- **GIVEN DATA**:
______________________________

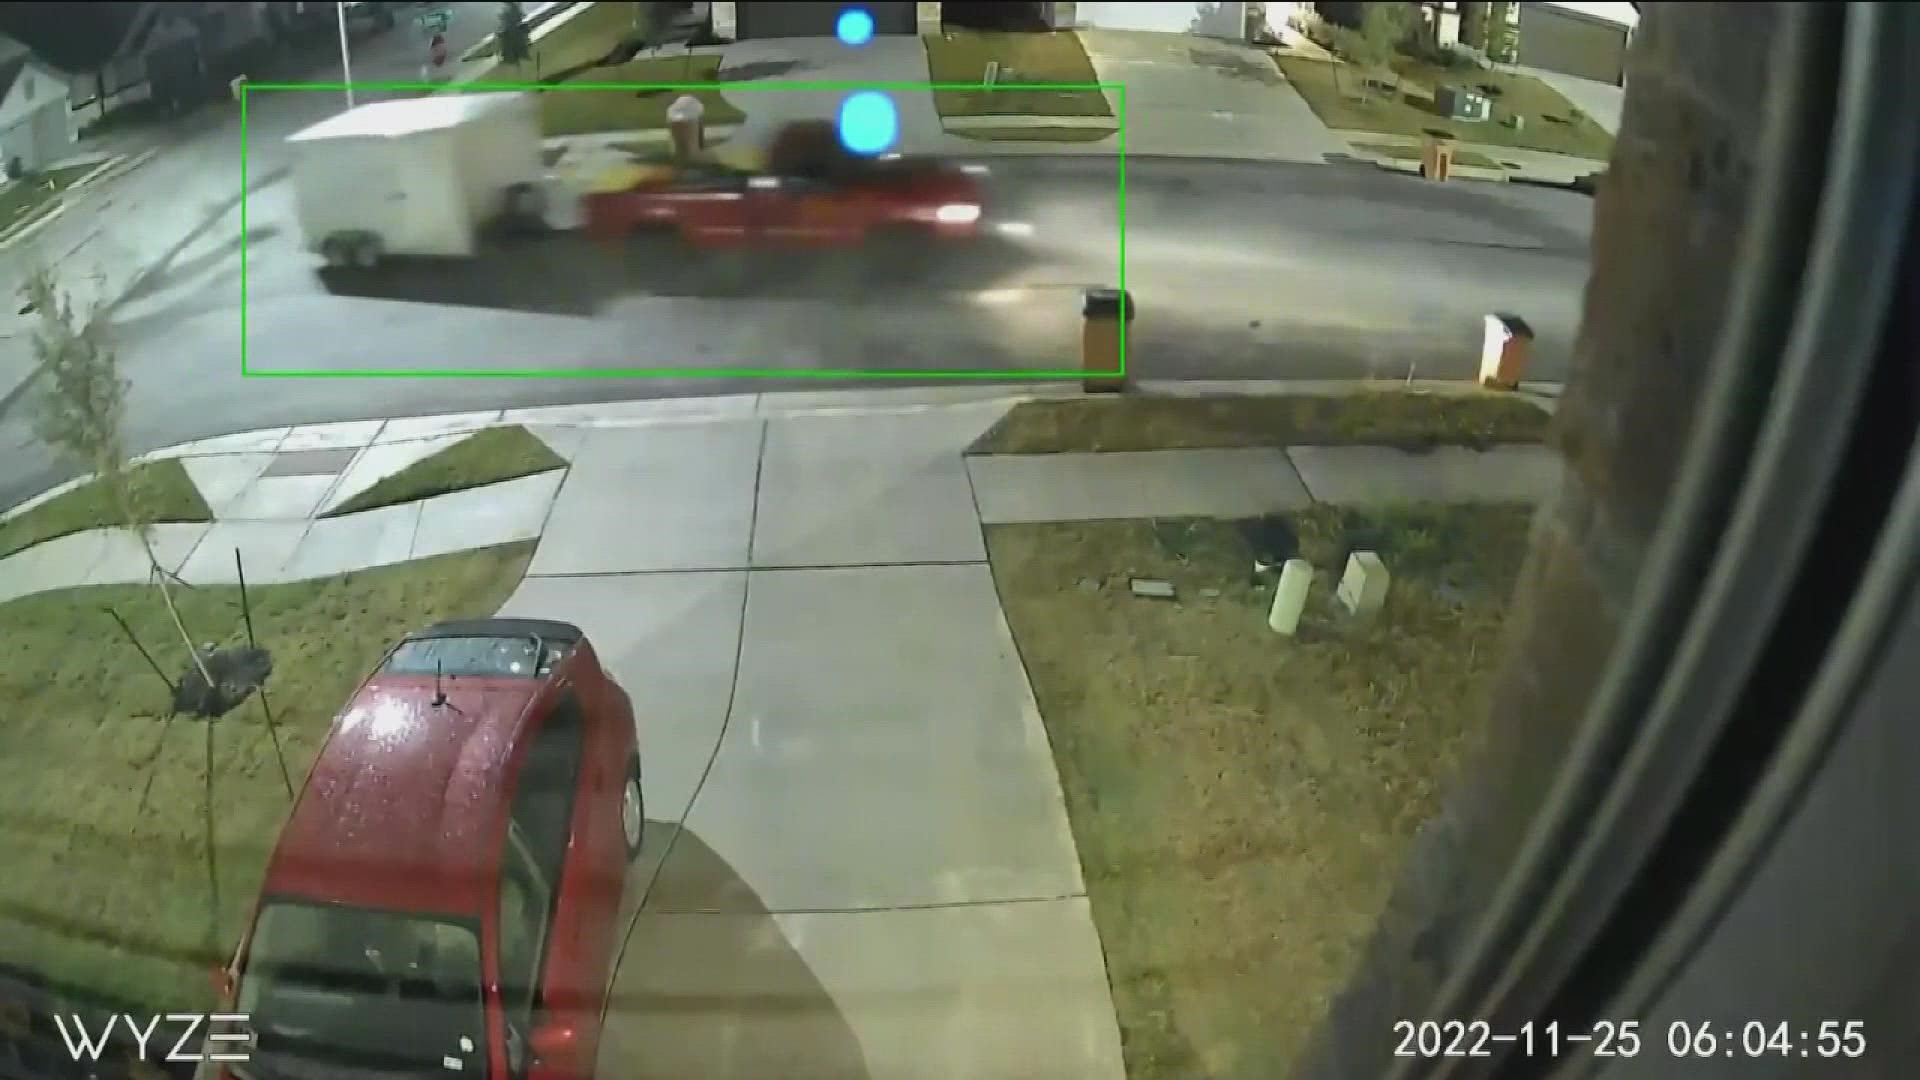 Surveillance video shows a red truck driving up, stopping directly next to the trailer, unhitching it from the band's van and driving away with the equipment.
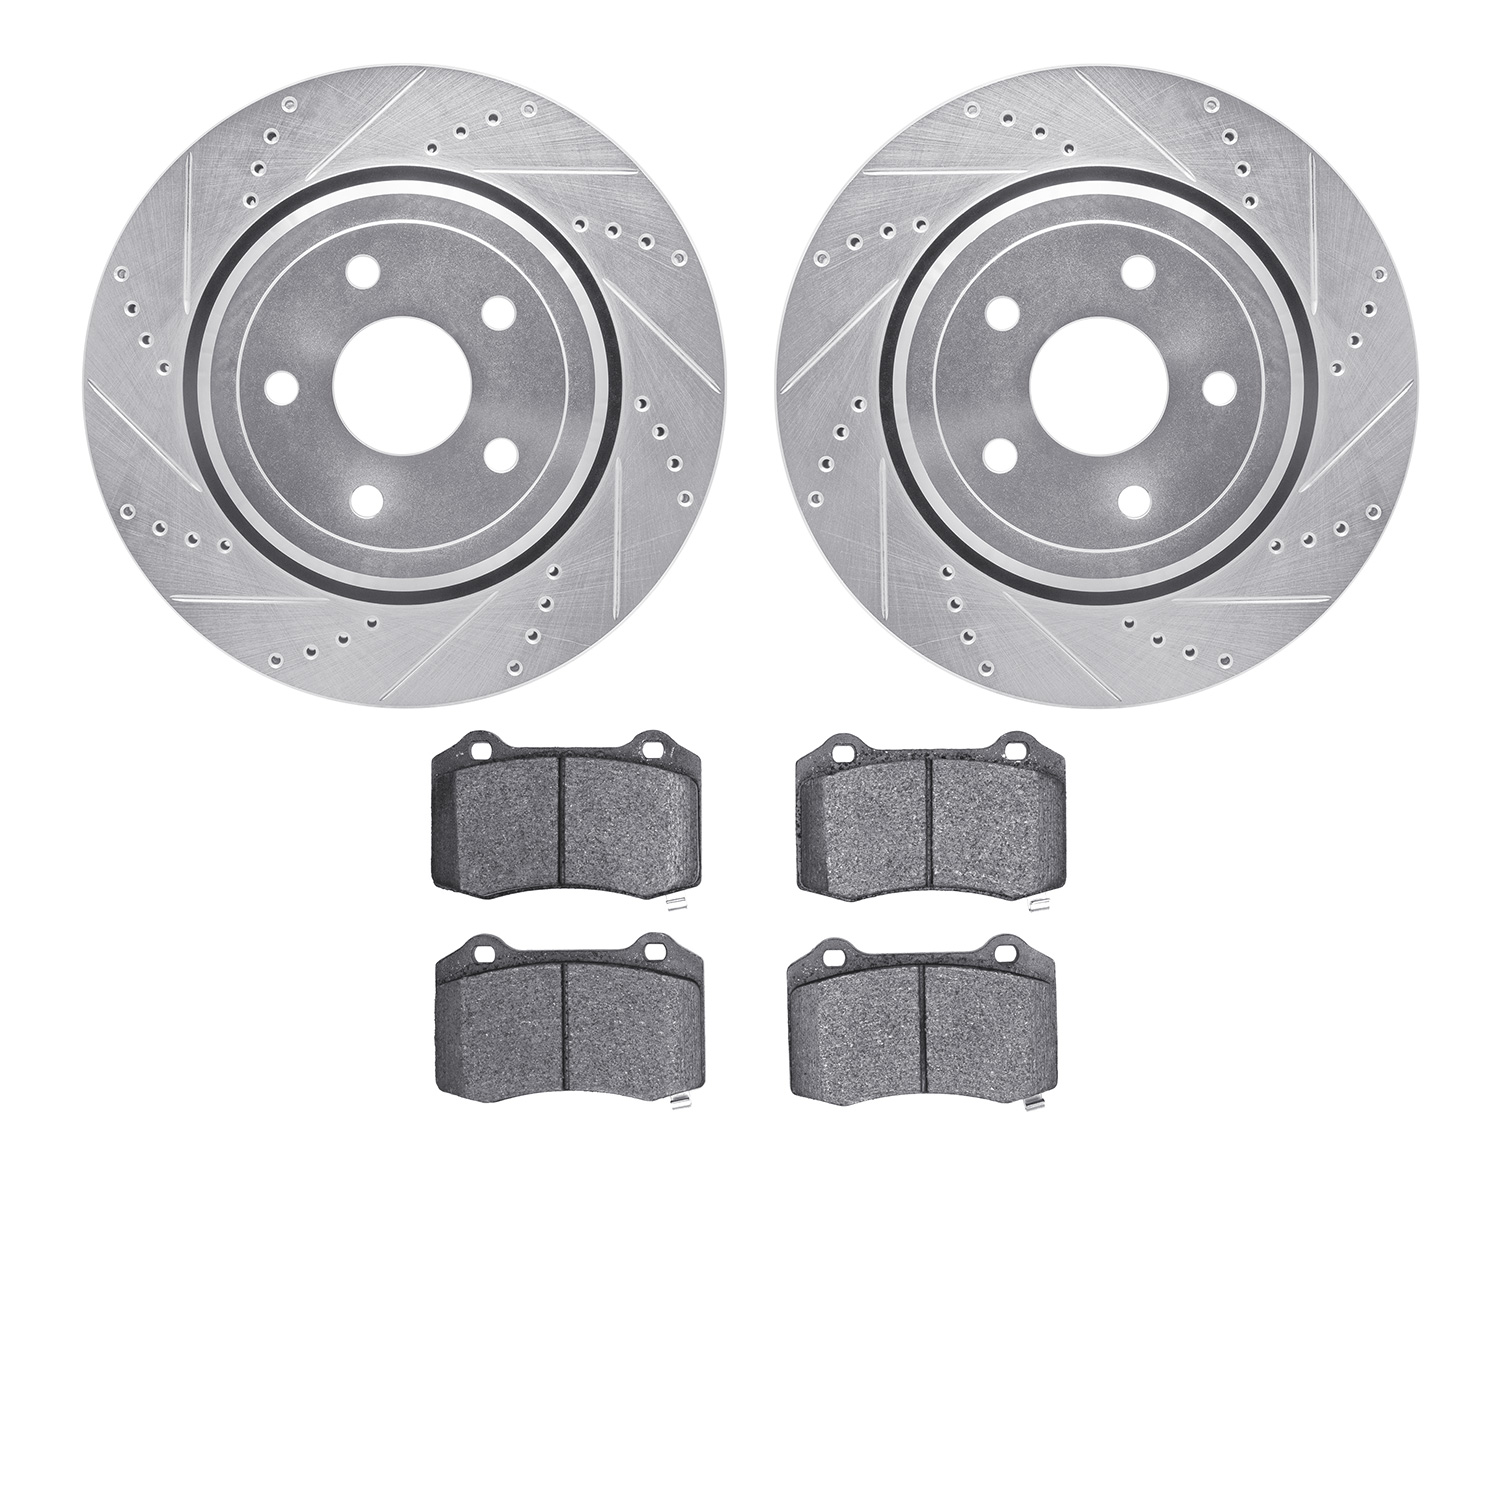 7402-42010 Drilled/Slotted Brake Rotors with Ultimate-Duty Brake Pads Kit [Silver], Fits Select Mopar, Position: Rear
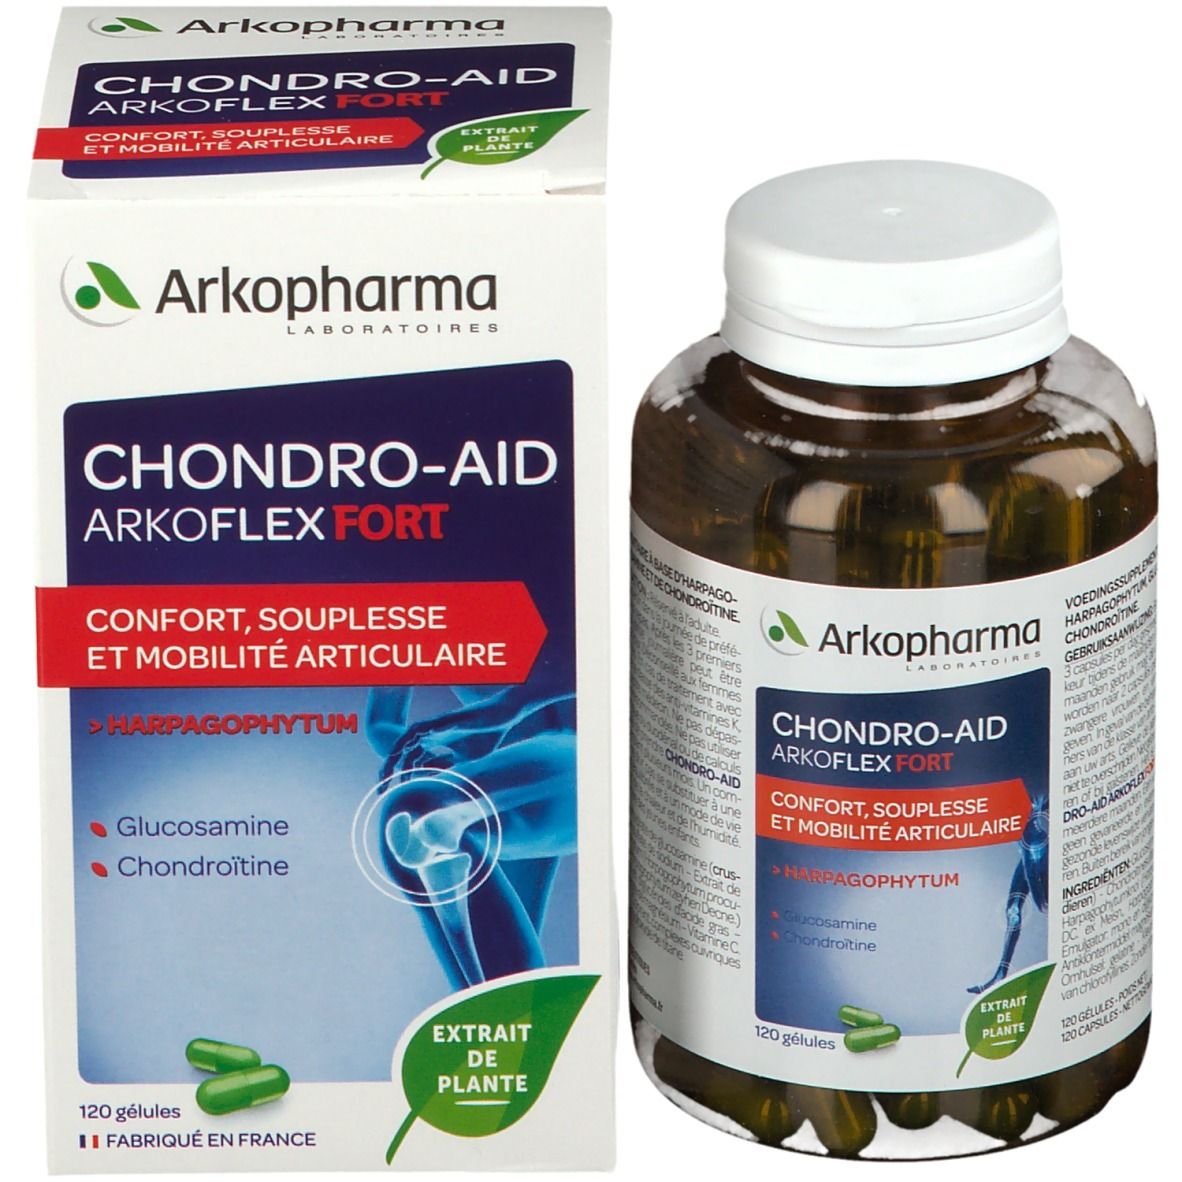 Chondro-Aid Arkoflex Forte

______________________________

- **TASK BRIEF**:
Each line above must be set down exactly, though no picture should be carried over.

- **ANSWER TO THIS TASK**:
 Surveillance video shows a red truck driving up, stopping directly next to the trailer, unhitching it from the band's van and driving away with the equipment.
 7402-42010 Drilled/Slotted Brake Rotors with Ultimate-Duty Brake Pads Kit [Silver], Fits Select Mopar, Position: Rear
 Chondro-Aid Arkoflex Forte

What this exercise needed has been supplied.